Instructions to follow: Each line below from the "10 Karat Gelbgold" line through the "4.1 Gramm Gesamtgewicht." line, those two included, must be restated word for word; the pictures must not be.

[Dataset records]

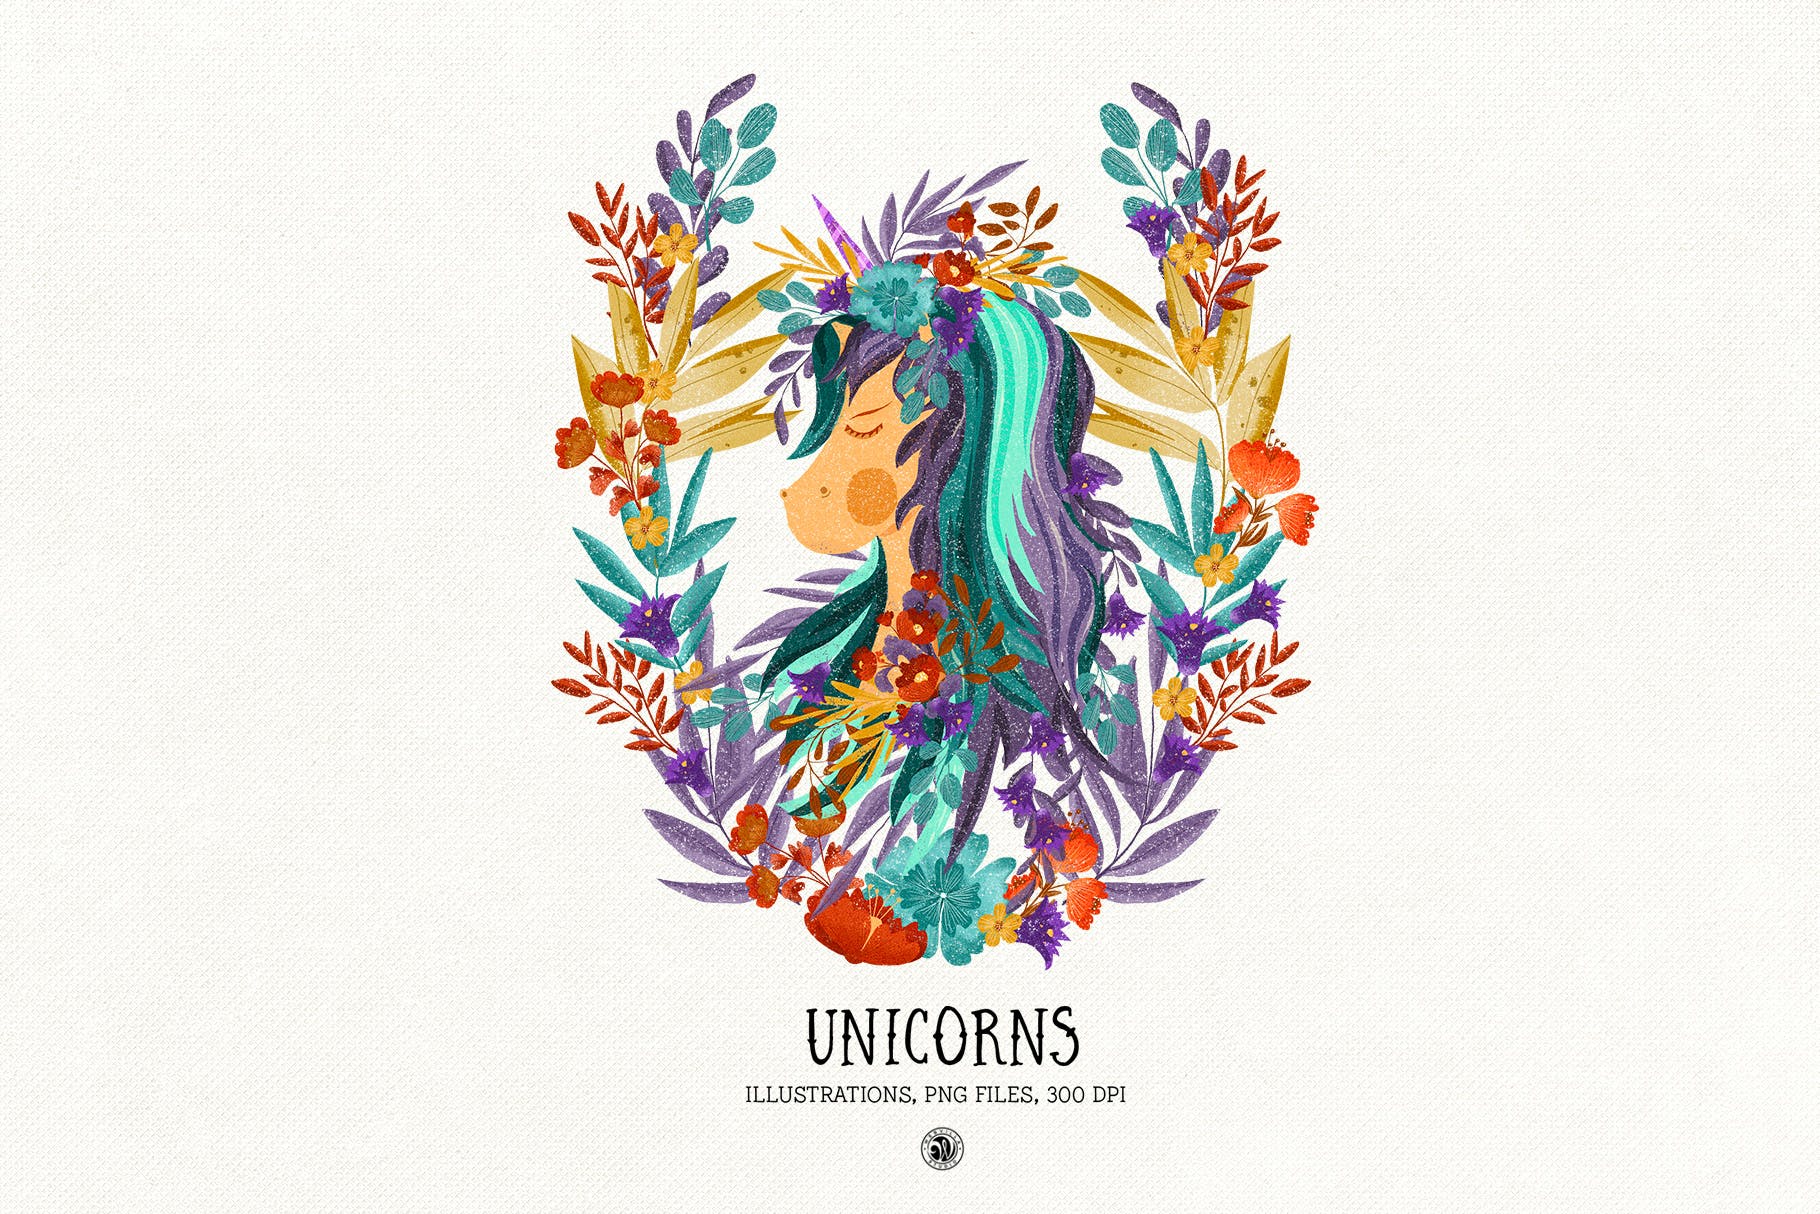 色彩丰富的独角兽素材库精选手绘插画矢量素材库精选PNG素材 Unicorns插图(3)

[/Dataset records]
[Dataset records]

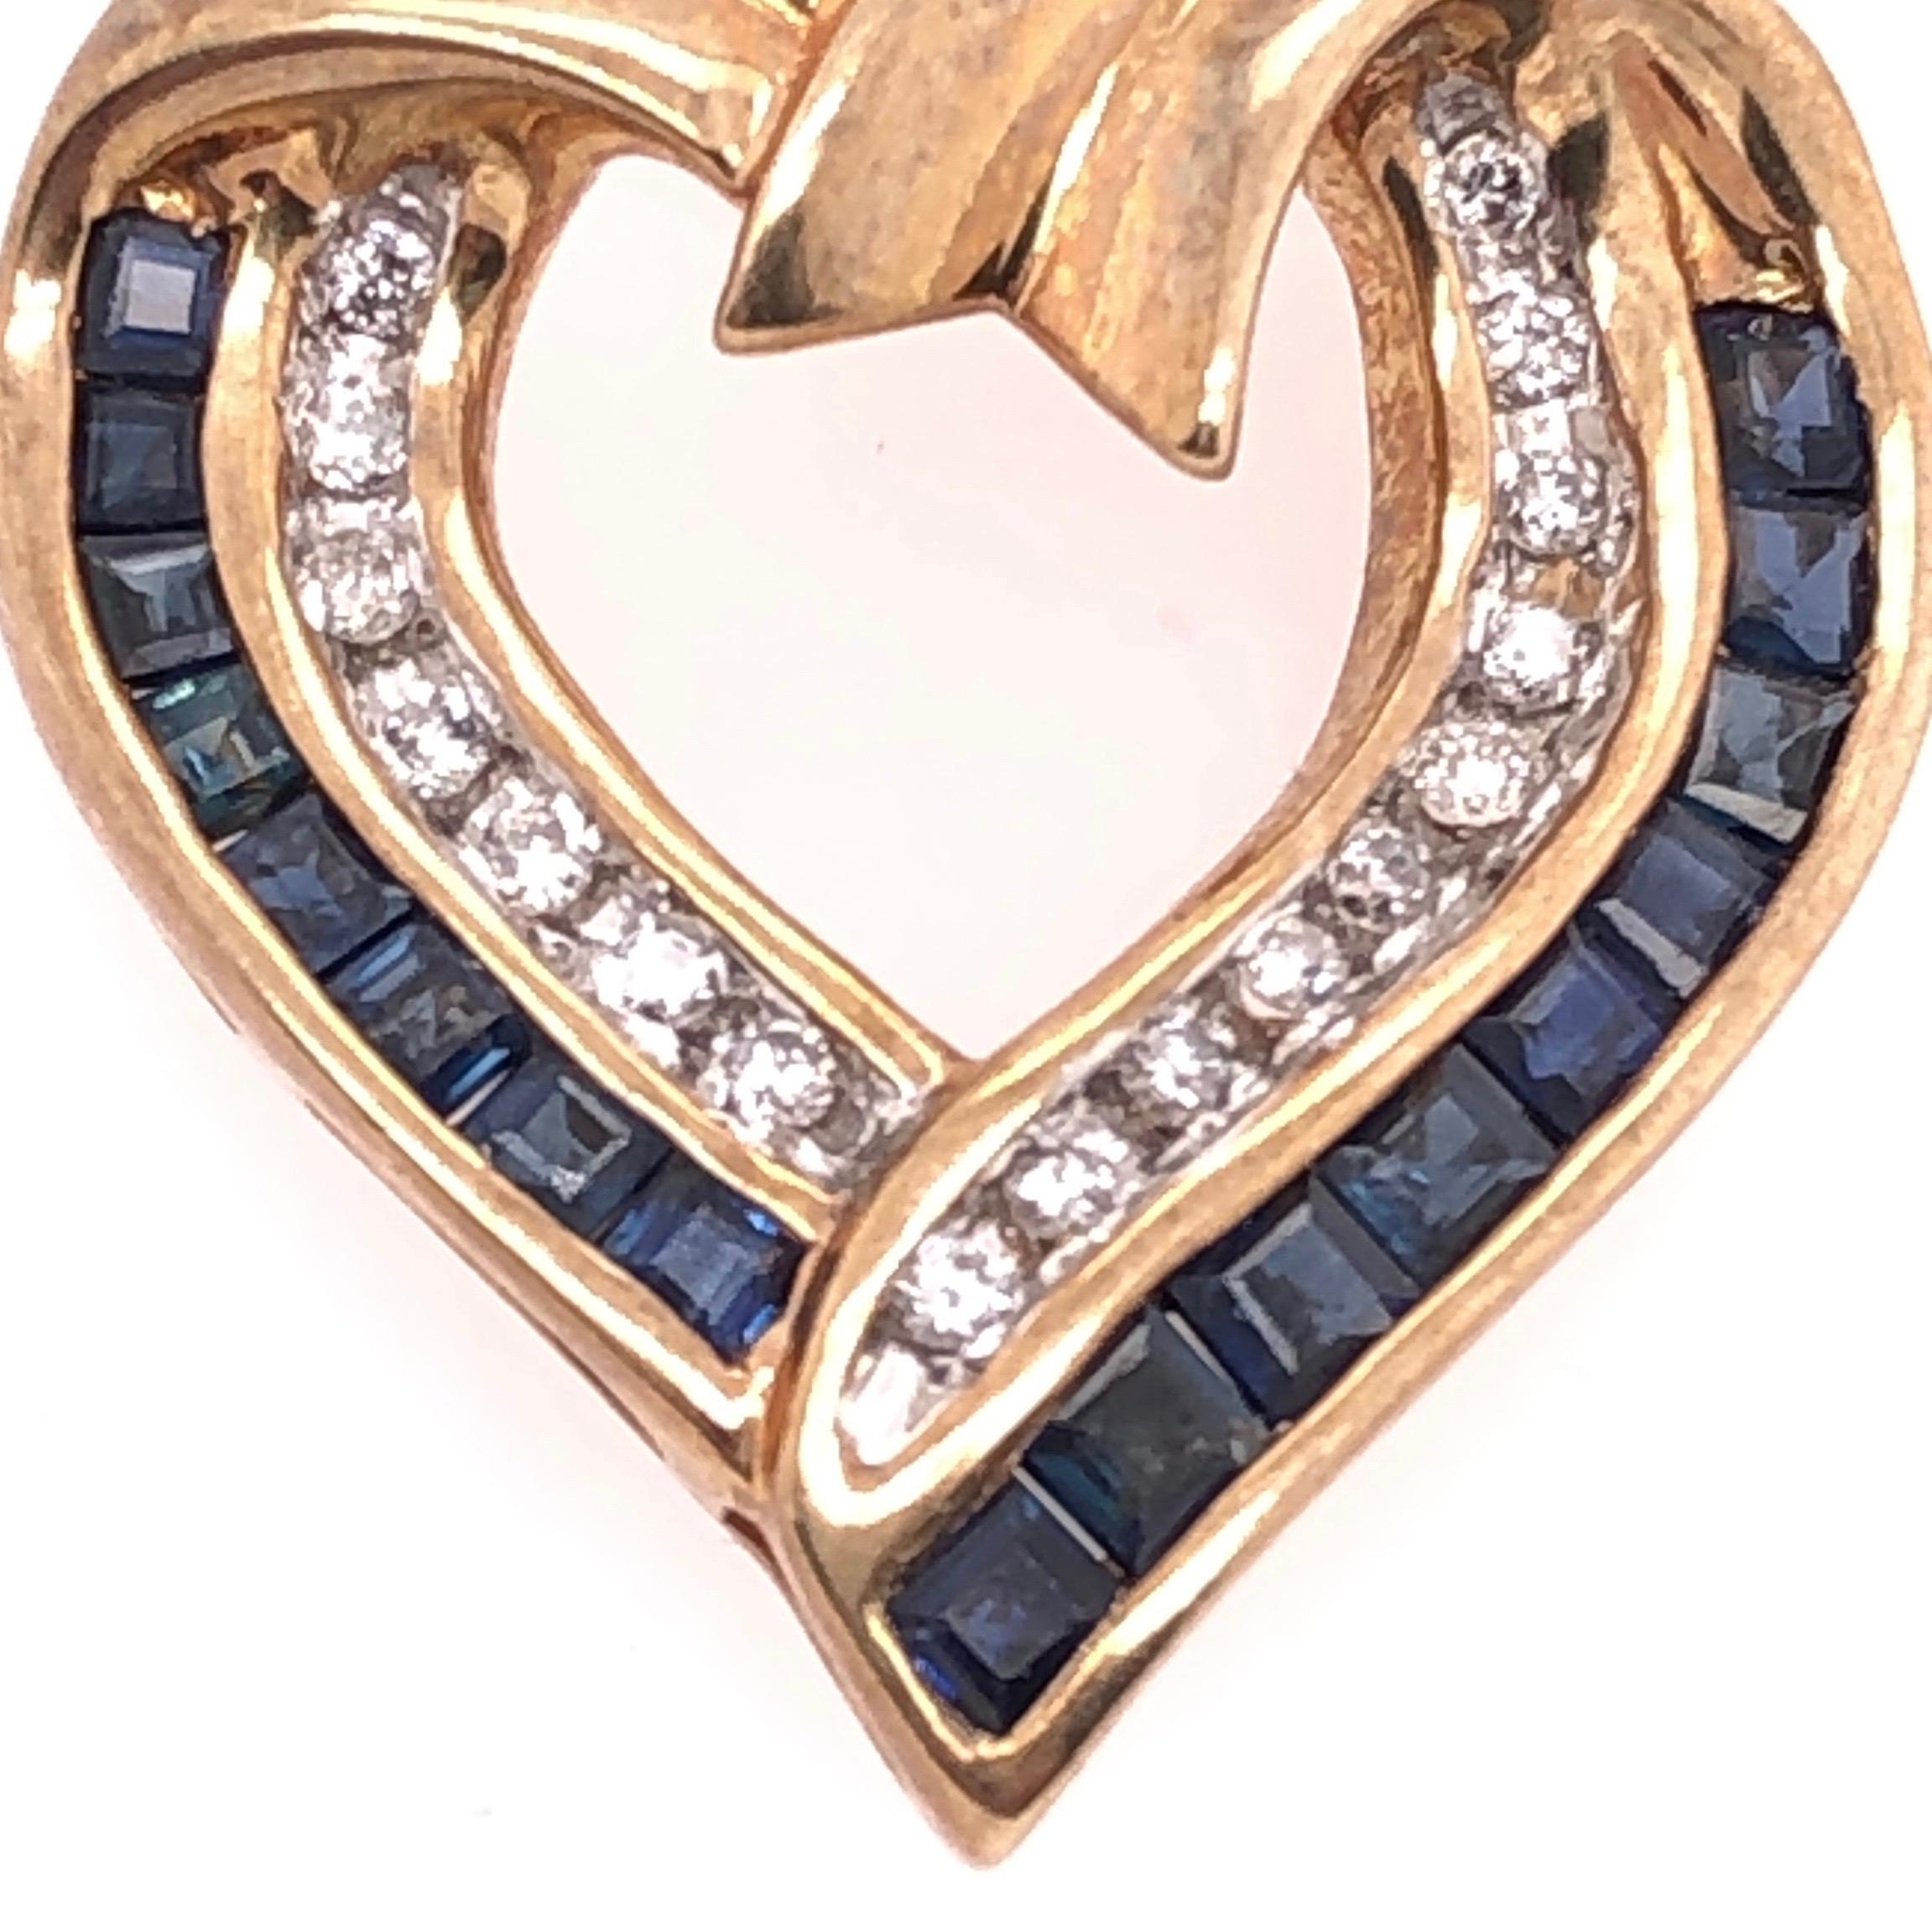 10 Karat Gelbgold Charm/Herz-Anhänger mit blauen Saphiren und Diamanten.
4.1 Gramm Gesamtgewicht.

[/Dataset records]

Written reply:
 10 Karat Gelbgold Charm/Herz-Anhänger mit blauen Saphiren und Diamanten.
4.1 Gramm Gesamtgewicht.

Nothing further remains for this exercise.